I think the reasons for marching are many and the issues facing education world are numerous. This op-ed will not do justice to the concentric circles of chaos we call a job description.
These are just some of the things teachers carry: we are leaving the profession in droves. We are depressed, overwhelmed, and frustrated. We lack support and agency. We know what works for the children in our care, but sometimes it feels like we’re the only people who care. We are bearing one another’s burdens, and like dominoes, we are all falling down.
While teacher life is difficult, our students are suffering more. Our sons come to class with dad-shaped holes, our daughters are raising their siblings, our students are criminalized, policed, and suspended; our students are filling out mindless packets, studying their colonizers, and getting ready for either cubicle land or prison. 70 percent of girls of color in a classroom have adverse childhood experiences. Students are not learning anything via Zoom, and they are longing for socialization. My nephew asked his friend via Zoom: “Remember that time we had popcorn together?” Students come to class for love more than anything else, and teachers are lolling like empty piñatas because we’re pouring from an empty cup.

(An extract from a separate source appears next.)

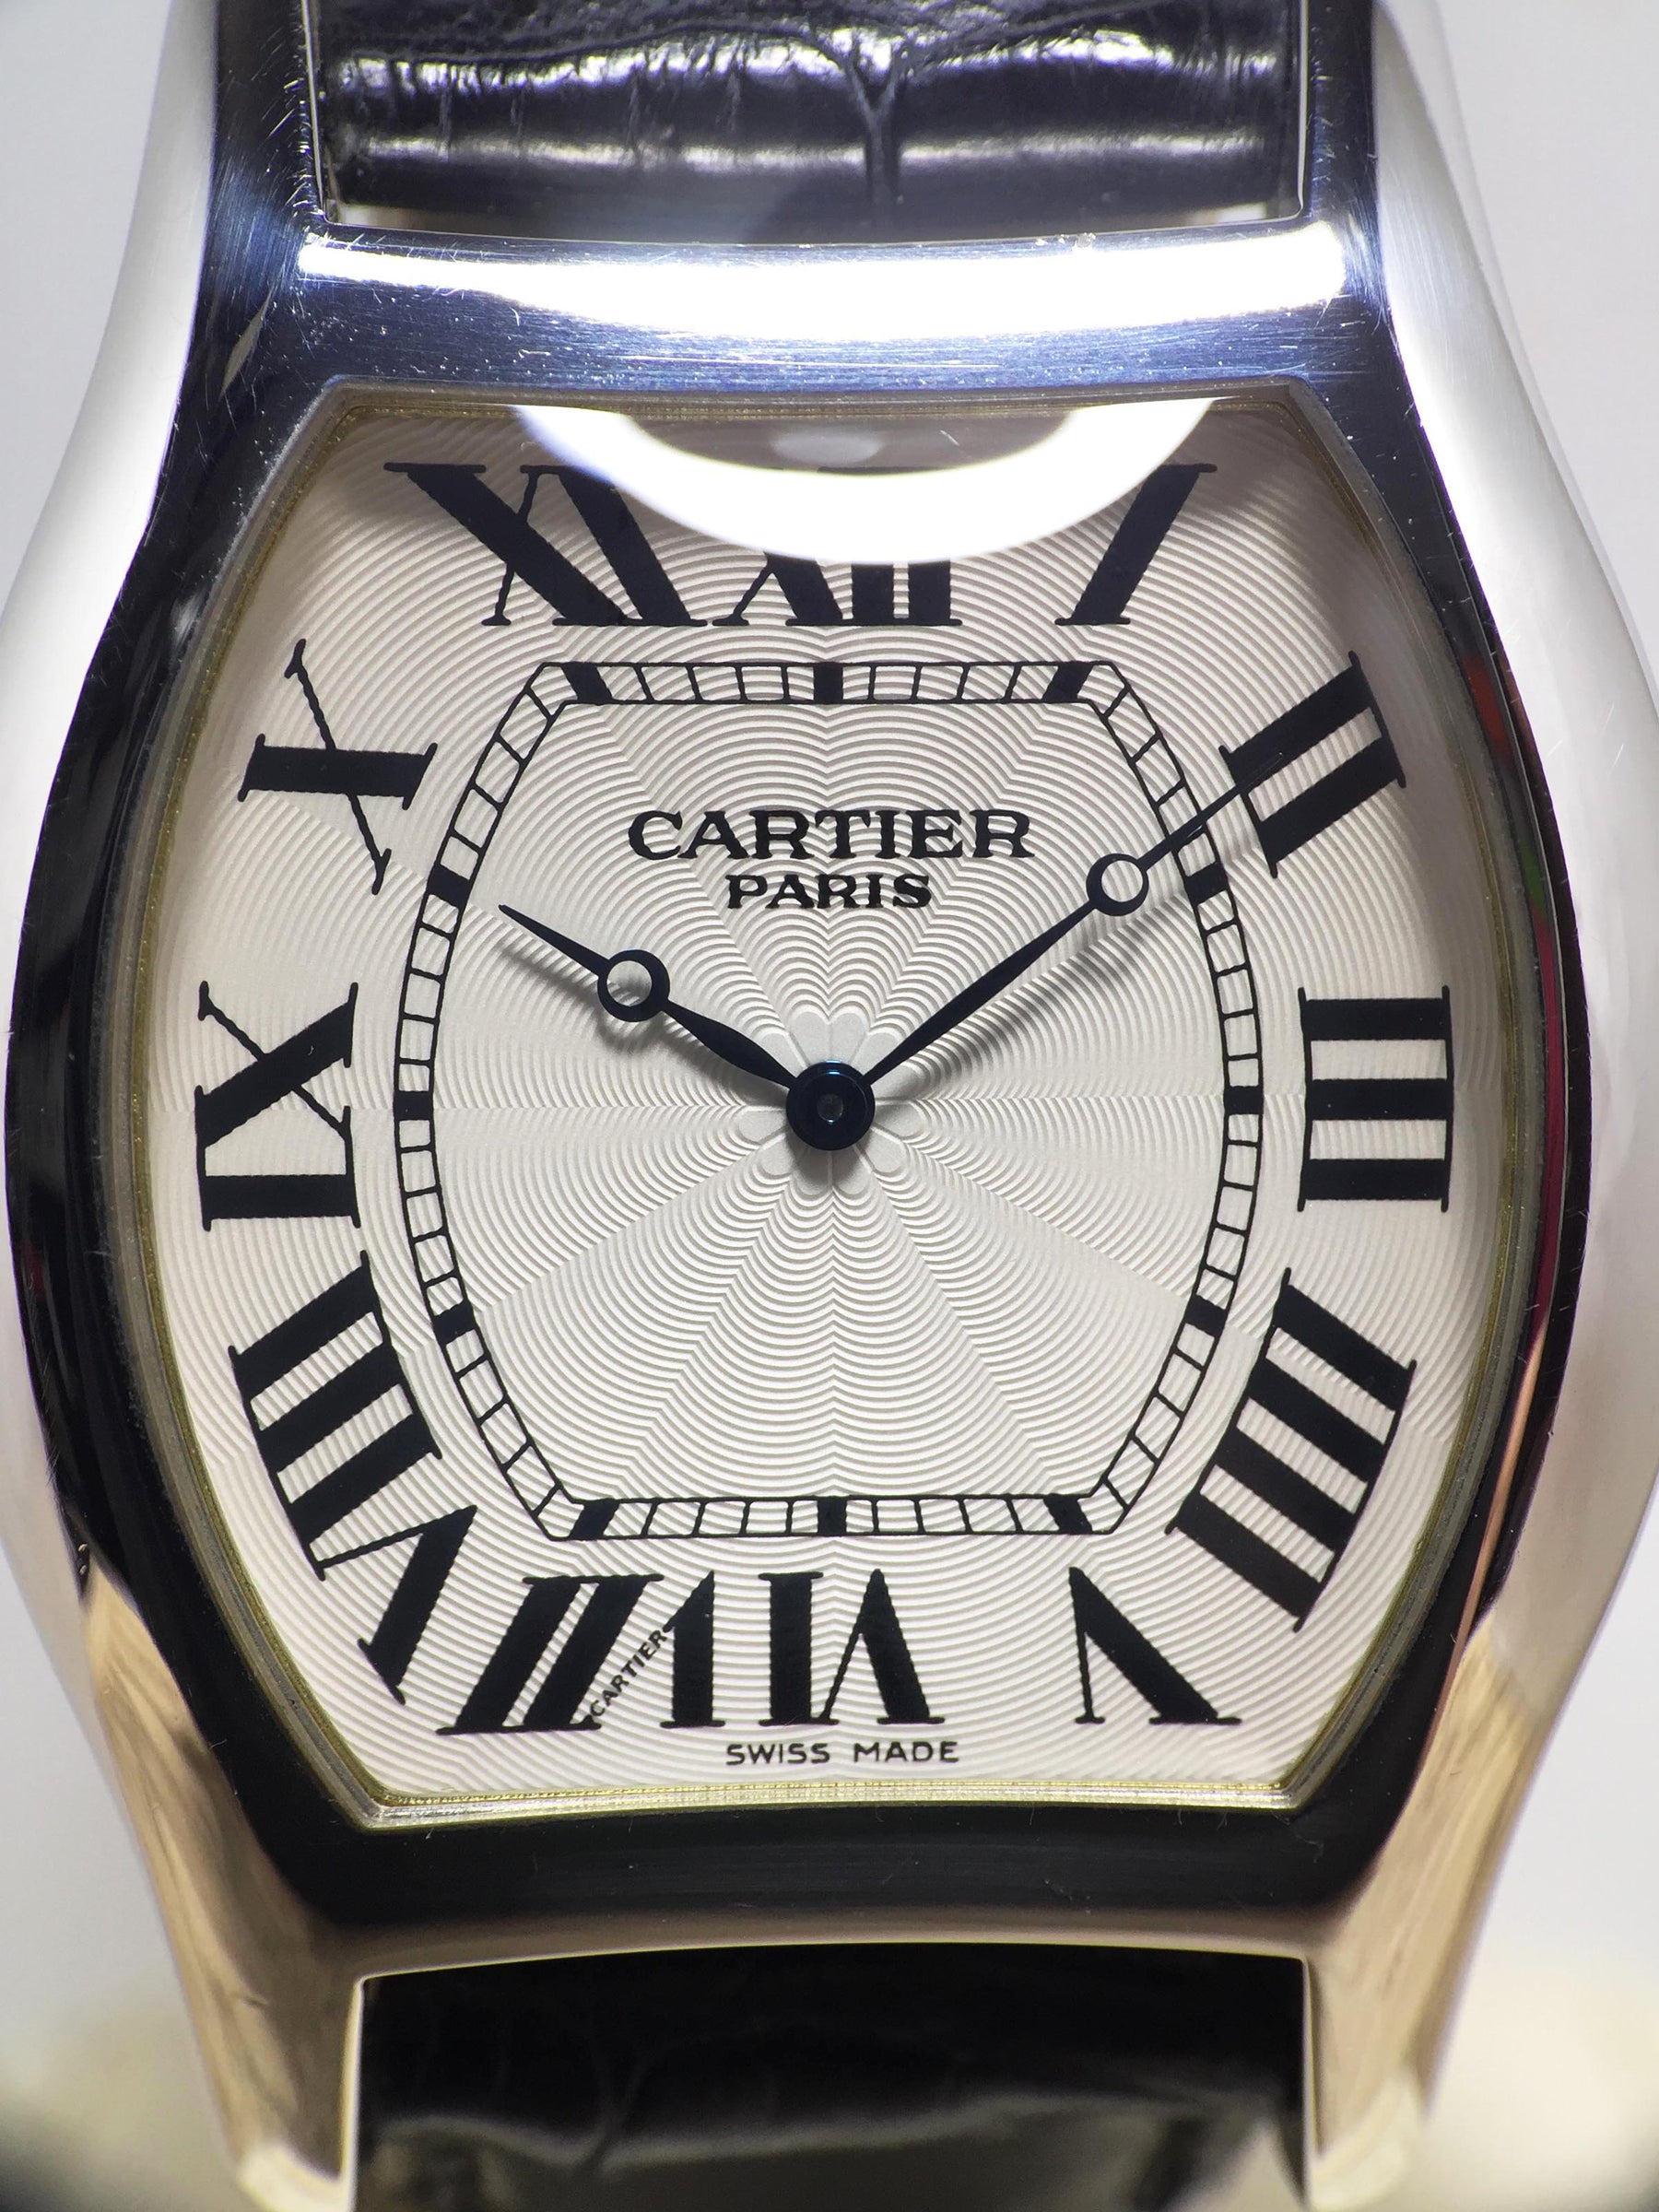 2007 Cartier Tortue XL Platinum CPCP No.1 Ref. W1546151 (Full Set with Invoice )

Teachers need to be like coals of fire: together we glow, but separate, we grow cold. I have the utmost respect for teachers who are leaving the profession; the entire world is justifying the flight, and I wish you prosperity and fulfillment. But I’m going to stick around, and I know there are other like-hearted educators out there. I know they are ready to come together to both lift up a standard against the issues assailing the walls of the profession, and standing in the gap for the students who desperately need us.
Your homework is to persevere, to finish strong, to be the teacher you were when you first began, to pace yourself so you don’t burn out, and to spend the summer mobilizing with other educators across the country, to march for a better future.